Owners should look for a continuing services partner who can do more than complete drawings. A strong IDIQ architecture partner should:

  • Understand the owner’s mission, standards, and decision-making process
  • Ask good questions before jumping to solutions
  • Respond quickly without creating unnecessary complexity
  • Communicate clearly with stakeholders, consultants, and construction partners
  • Bring broad experience across many project types
  • Know how to work within limited budgets and active facilities
  • Help the owner prioritize what matters most
  • Treat every task order as an opportunity to create value

The best continuing services partners become an extension of the owner’s capabilities. They help owners move projects forward while protecting time, budget, and operational continuity.

How an Agile Mindset Improves Task-Order Work

An agile mindset helps design teams focus on the owner’s real needs, adapt to changing conditions, and remove barriers before they become larger problems. For continuing services work, that means starting with discovery. What is the owner trying to accomplish? Who will be affected? What constraints matter most? What decision needs to be made next? What is the simplest path to a successful outcome?

This approach is especially valuable when scopes are evolving, budgets are tight, facilities are occupied, or schedules are compressed. It allows the design team to stay responsive while keeping the project aligned with the owner’s goals.

Project Example: Hitchcock Field and Fork Food Pantry

One example of this mindset is the Hitchcock Field and Fork Food Pantry at the University of Florida. Faced with a significant budget constraint, the project team developed a solution that repurposed existing construction. By using existing exterior walls, the project reduced overall costs and directed more of the available budget toward the interior spaces that most affected the student and staff experience. The result was a highly functional and cohesive space that supported the client’s mission while making the most of limited resources.

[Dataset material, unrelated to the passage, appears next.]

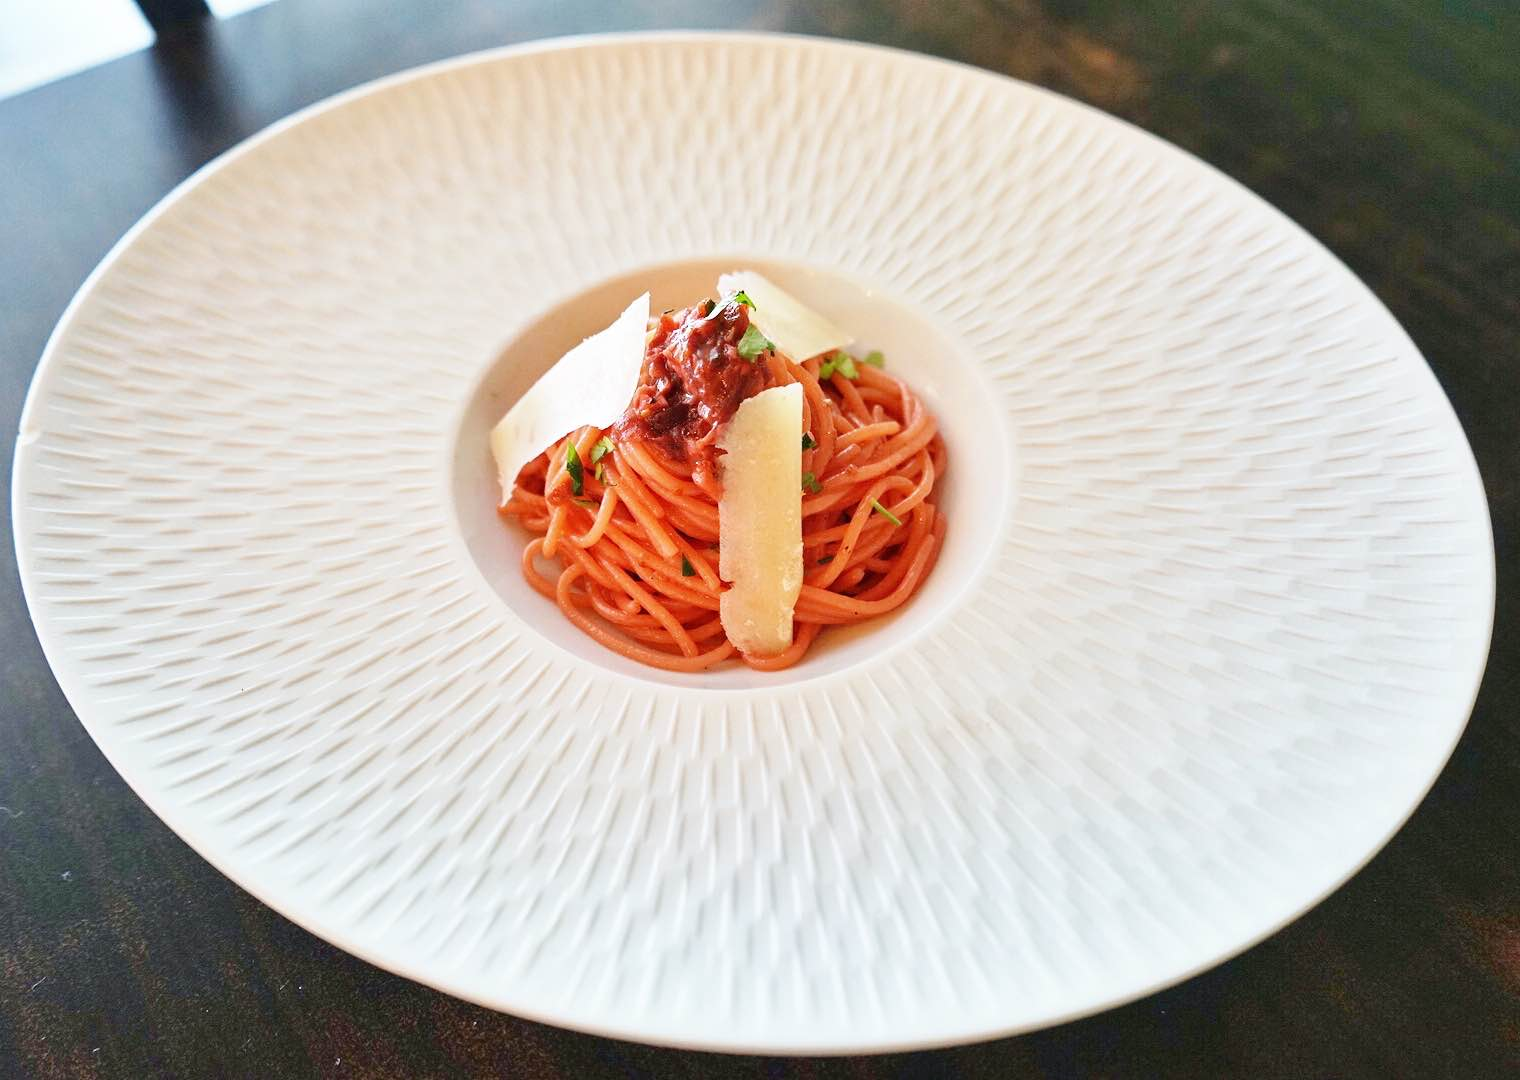 Barbabietola Rossa Pasta PocoLoco Singapore - AspirantSG

Project Example: UF Early Childhood Collaboratory at Baby Gator

The UF Early Childhood Collaboratory at Baby Gator required close coordination and schedule discipline to complete a childcare facility renovation in time for the fall semester. That type of project depends on clear communication, organized information, and steady alignment among the owner, design team, consultants, and construction partners.

For continuing services work, speed alone is not enough. The work has to move quickly while still supporting good decisions.

UF Early Childhood Collaboratory at Baby Gator

UF Early Childhood Collaboratory at Baby Gator

Walker’s Continuing Services Experience

Walker Architects has served many long-term continuing services and IDIQ clients across education, government, healthcare, and private-sector markets.

These relationships include the University of Florida, Santa Fe College, the University of Central Florida, Georgia Tech, Kennesaw State University, Georgia State University, Alachua County, the City of Gainesville, Marion County, the City of Williston, the City of Alachua, the National Park Service, the Florida Department of Management Services, Levy County, Johnson & Johnson Services, UF Health Shands Teaching Hospital and Clinics, and others.

This experience has reinforced a simple idea: continuing services projects are often where trust is built. When a design partner responds well on small and mid-sized projects, the owner gains confidence that the team understands their priorities, their people, and their way of working.